The children are, in truth, to be regarded less as personal property than as public trusts put into the hands of parents that they may make the very most of them for the good of society.
This quote rankles me. In a world where so many entities clamor for a piece of our child’s soul — factories, companies, clubs, sports, schools, churches, advertisers — I do not wish to regard our children as belonging to anyone but themselves. Paul and I hide them from all of these hooks and grabs and picks that want to use our daughters for their own ends.
But Charlotte does not say that children are a public trust. They are not. She says parents should regard them as such. We are often shoddy with our own work and perfectionist when working for someone else. I’ll be punctual for a work meeting and slack on attending church on time. I’ll keep my work desk clean and allow my home to become messy. We are more professional when working for someone else, bottom-line. If we consider our parenting as a professional endeavor and the raising of our children as a product that will be evaluated, we may take our jobs seriously and do for our children better than if we considered them our own. Sad, but true.

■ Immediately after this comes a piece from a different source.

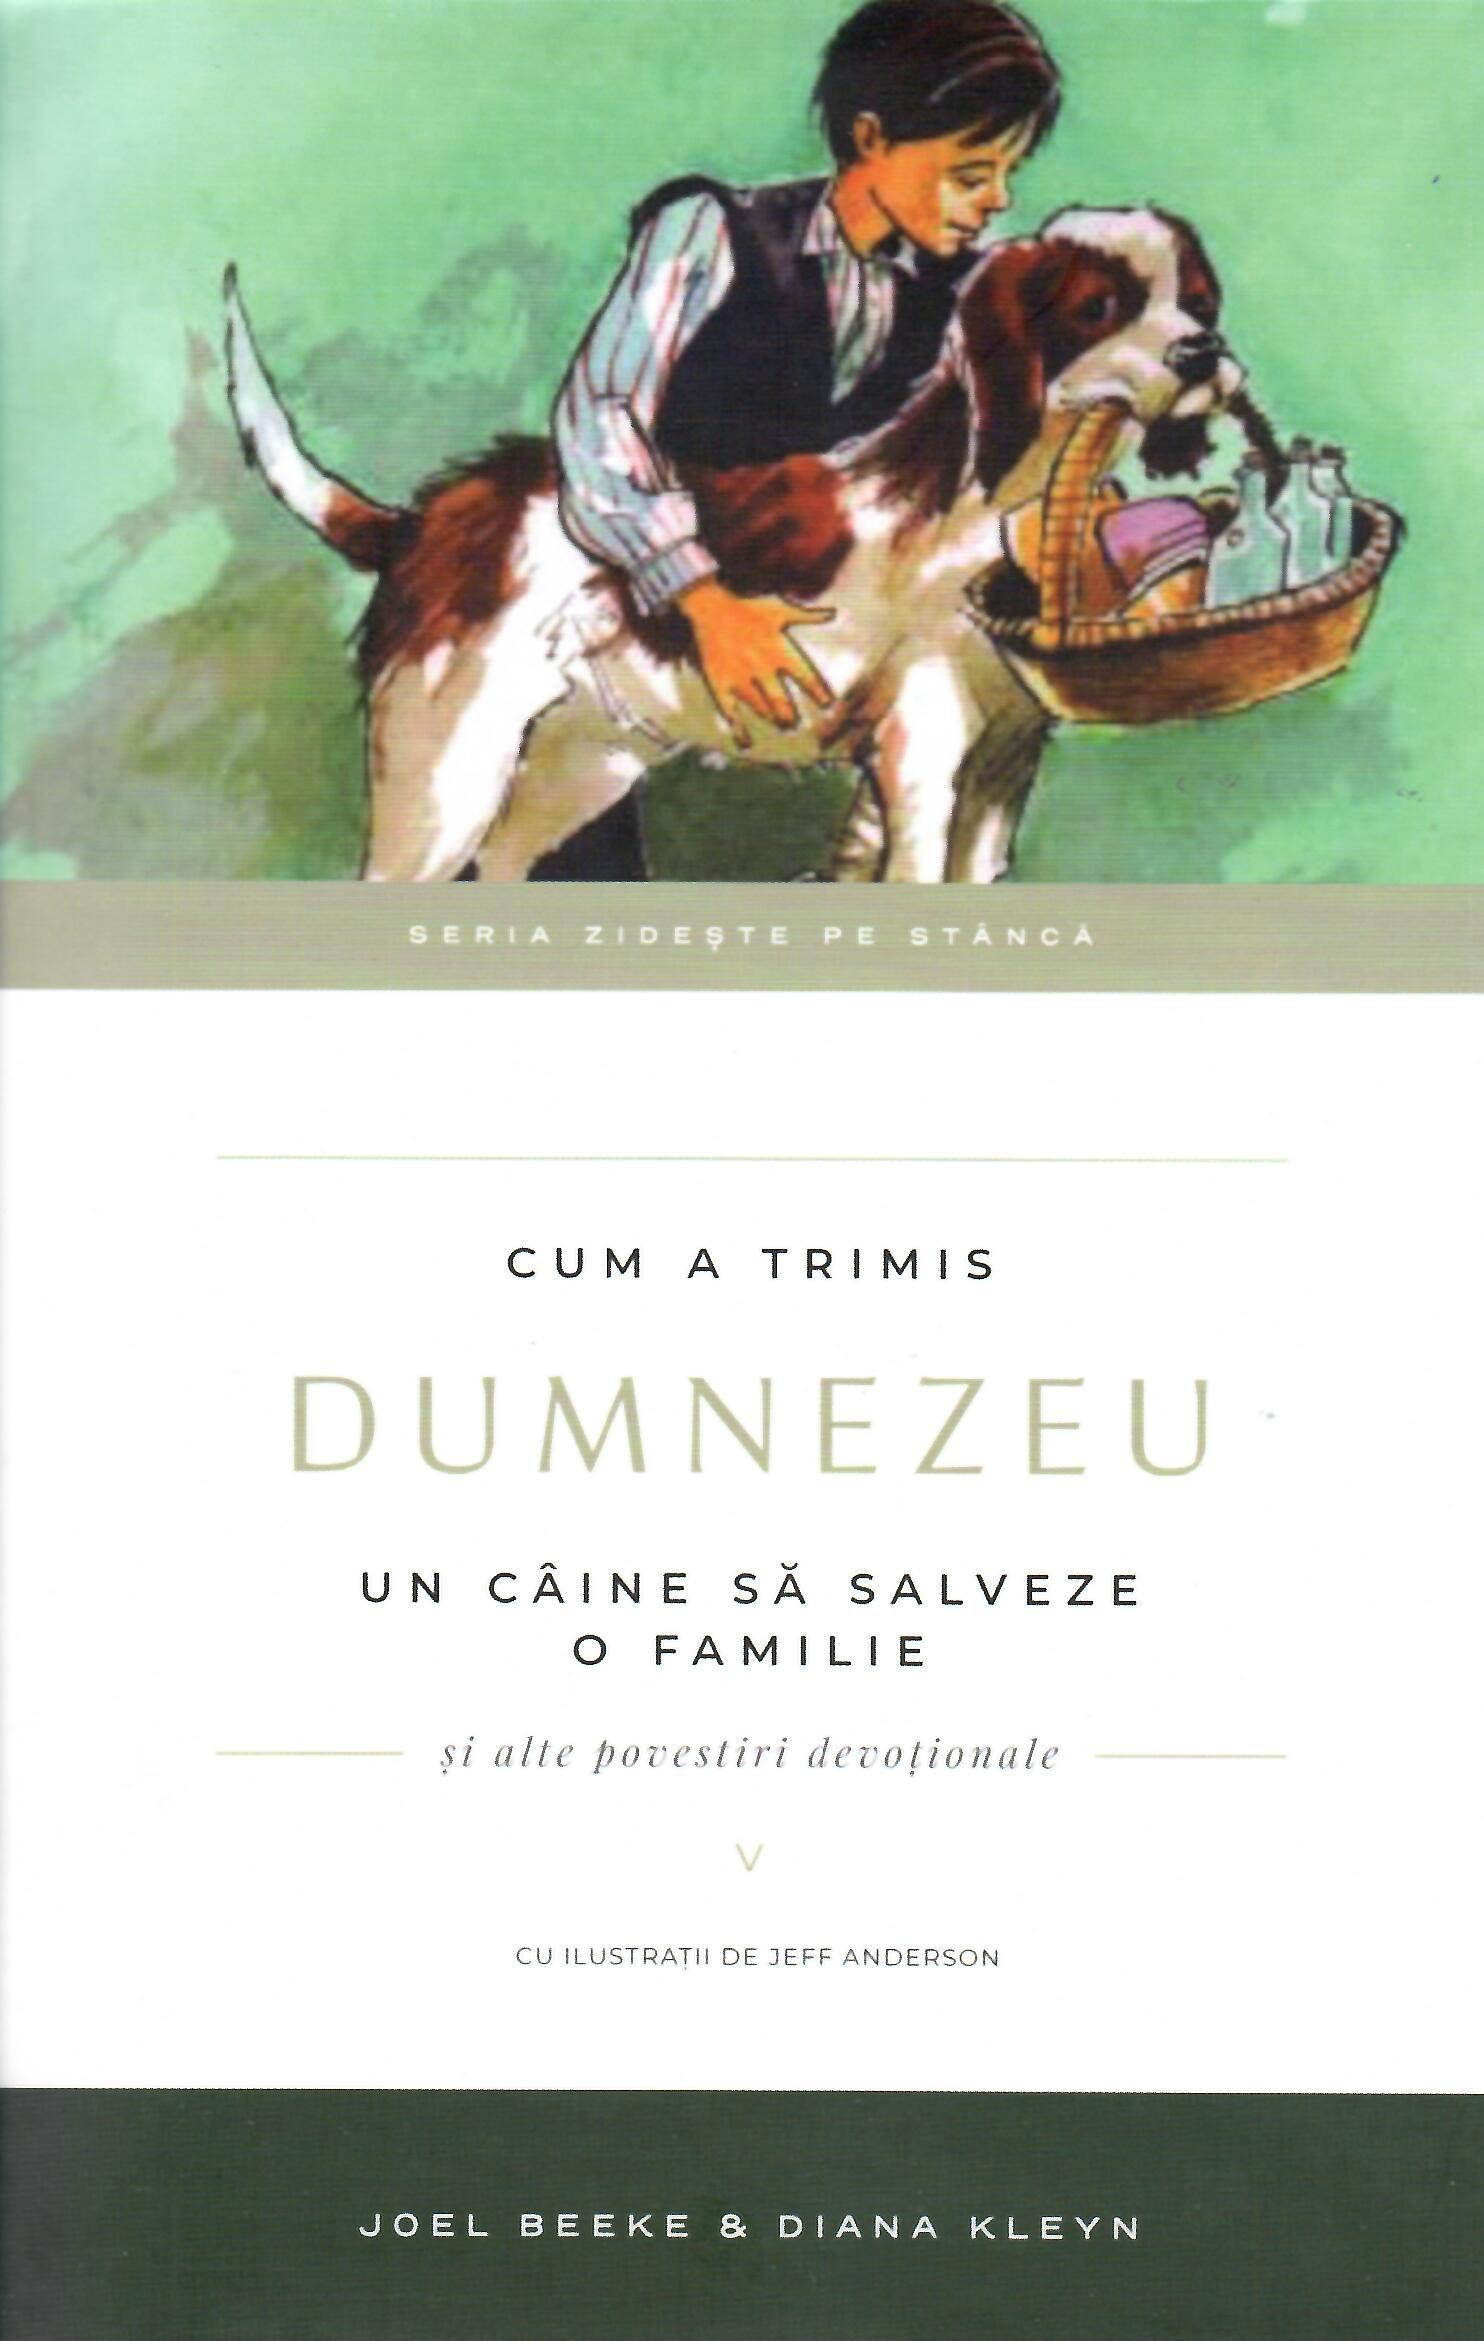 Cum a trimis Dumnezeu un câine să salveze o familie, vol 5

I remember when I had Elsa, I actually wrote out a job description (in the form of a mission statement), and decided to “clock-in” hours. Too often, we stay-at-home mothers are tempted to do less by our children because so much of our society does the same thing. We have the sole direction of the children’s early, most impressible years, yet parents are encouraged to give these years over to strangers for the making of our children. Children inhale their environment and it becomes a part of them. The first five years of a child’s life may be the most important learning curve in their lives. Those years lay the foundation for all else.

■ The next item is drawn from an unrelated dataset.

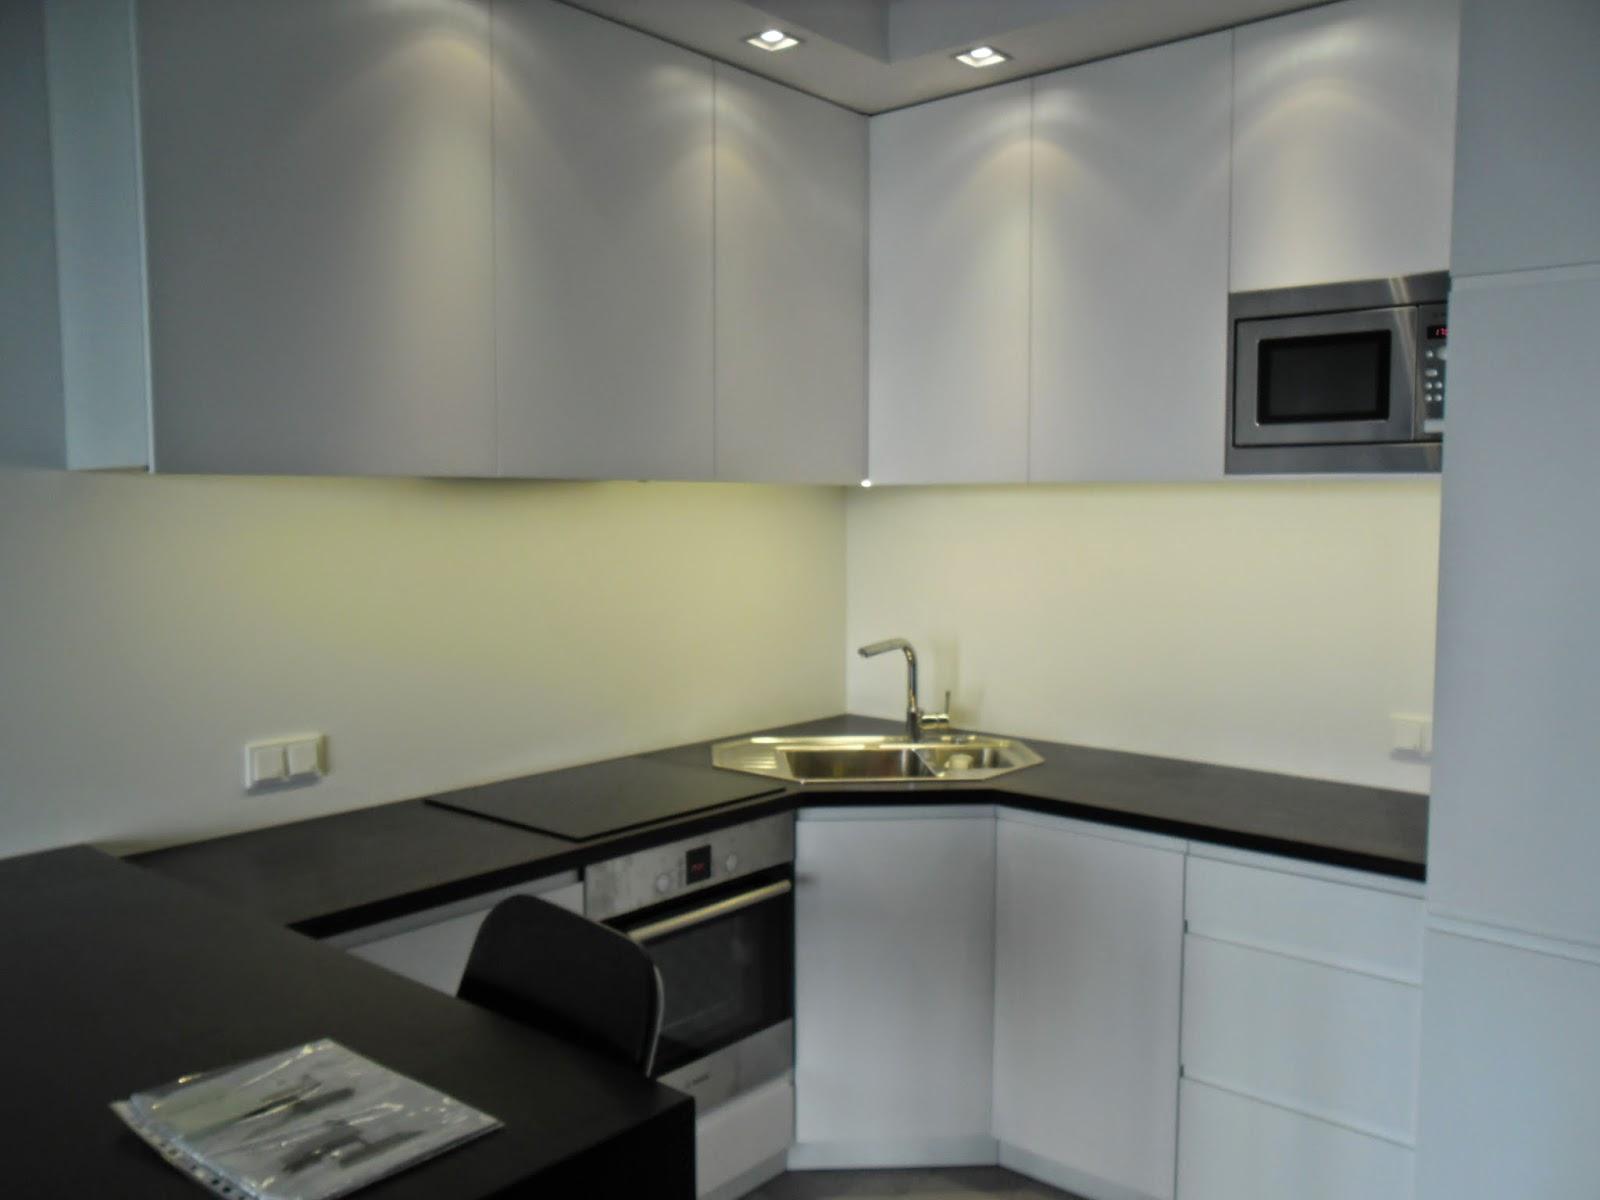 Kuchnia w bloku  biała, funkcjonalna i pojemna  Blog o   -> Mala Kuchnia Z Narożnym Zlewem

Regarding our children as a gift to be given to the world may help our minds to battle against societal pressure to undervalue them. It will place children in their rightful place. They deserve a thinking love. We owe our children a careful training, a thoughtful upbringing, a loving, firm path.

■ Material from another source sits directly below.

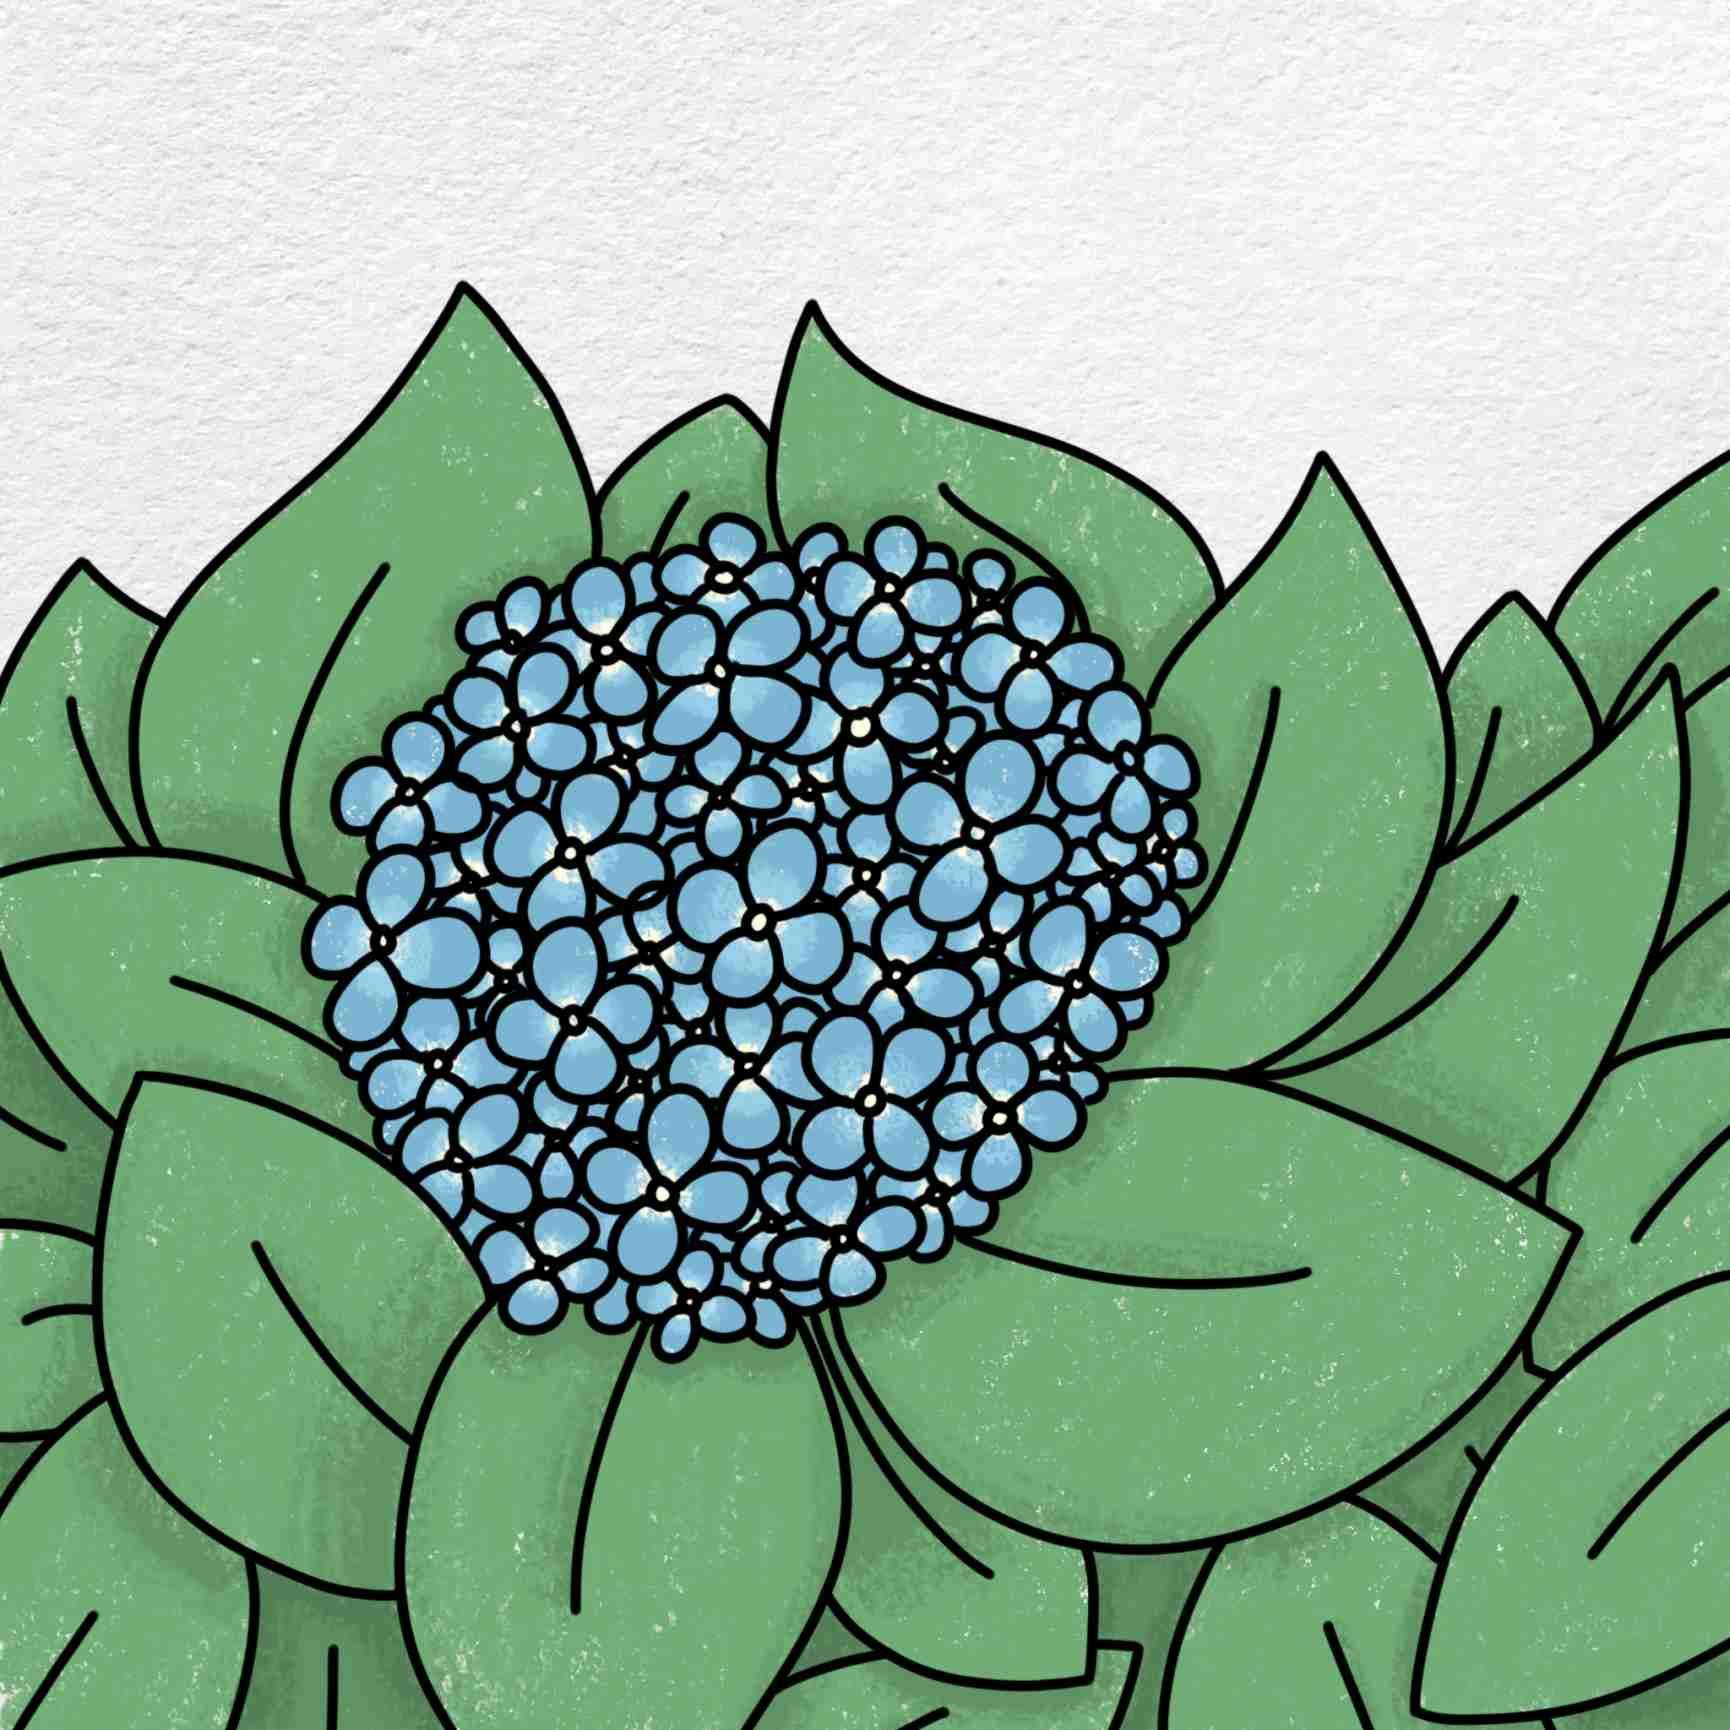 How To Draw Hydrangea: Step 6

Today’s model for child upbringing is a terrible cycle: ignore them until they demand attention in a negative way, be dismayed that they would act in such a way, feel guilty for ignoring them and placate their negativity with some sort of quasi-reward, and as soon as they are happy, ignore them once again.
The mother is qualified and qualified by the Creator Himself, to become the principal agent in the development of her child; … and what is demanded of her is — a thinking love. … God has given to thy child all the faculties of our nature, but the grand point remains undecided — how shall this heart, this head, these hands, be employed? to whose service shall they be dedicated? A question the answer to which involves a futurity of happiness or misery to a life so dear to thee. Maternal love is the first agent in education. Pestalozzi
We owe our children and the world a thinking love. They need our attention, our focus, and all of our experience to guide them. We do not realize that every happy hour, every peaceful meal, every restful nap, is actually the very education our world needs so badly. We underestimate the gifts we bestow in a well-managed, loving home. We undervalue the brain growth that occurs from hugs, kisses, interaction at meals, good food, cleanliness, order, daily and weekly routines. We hinder our children from obtaining an education when we ignore them and leave them to themselves too much. They require a thinking love.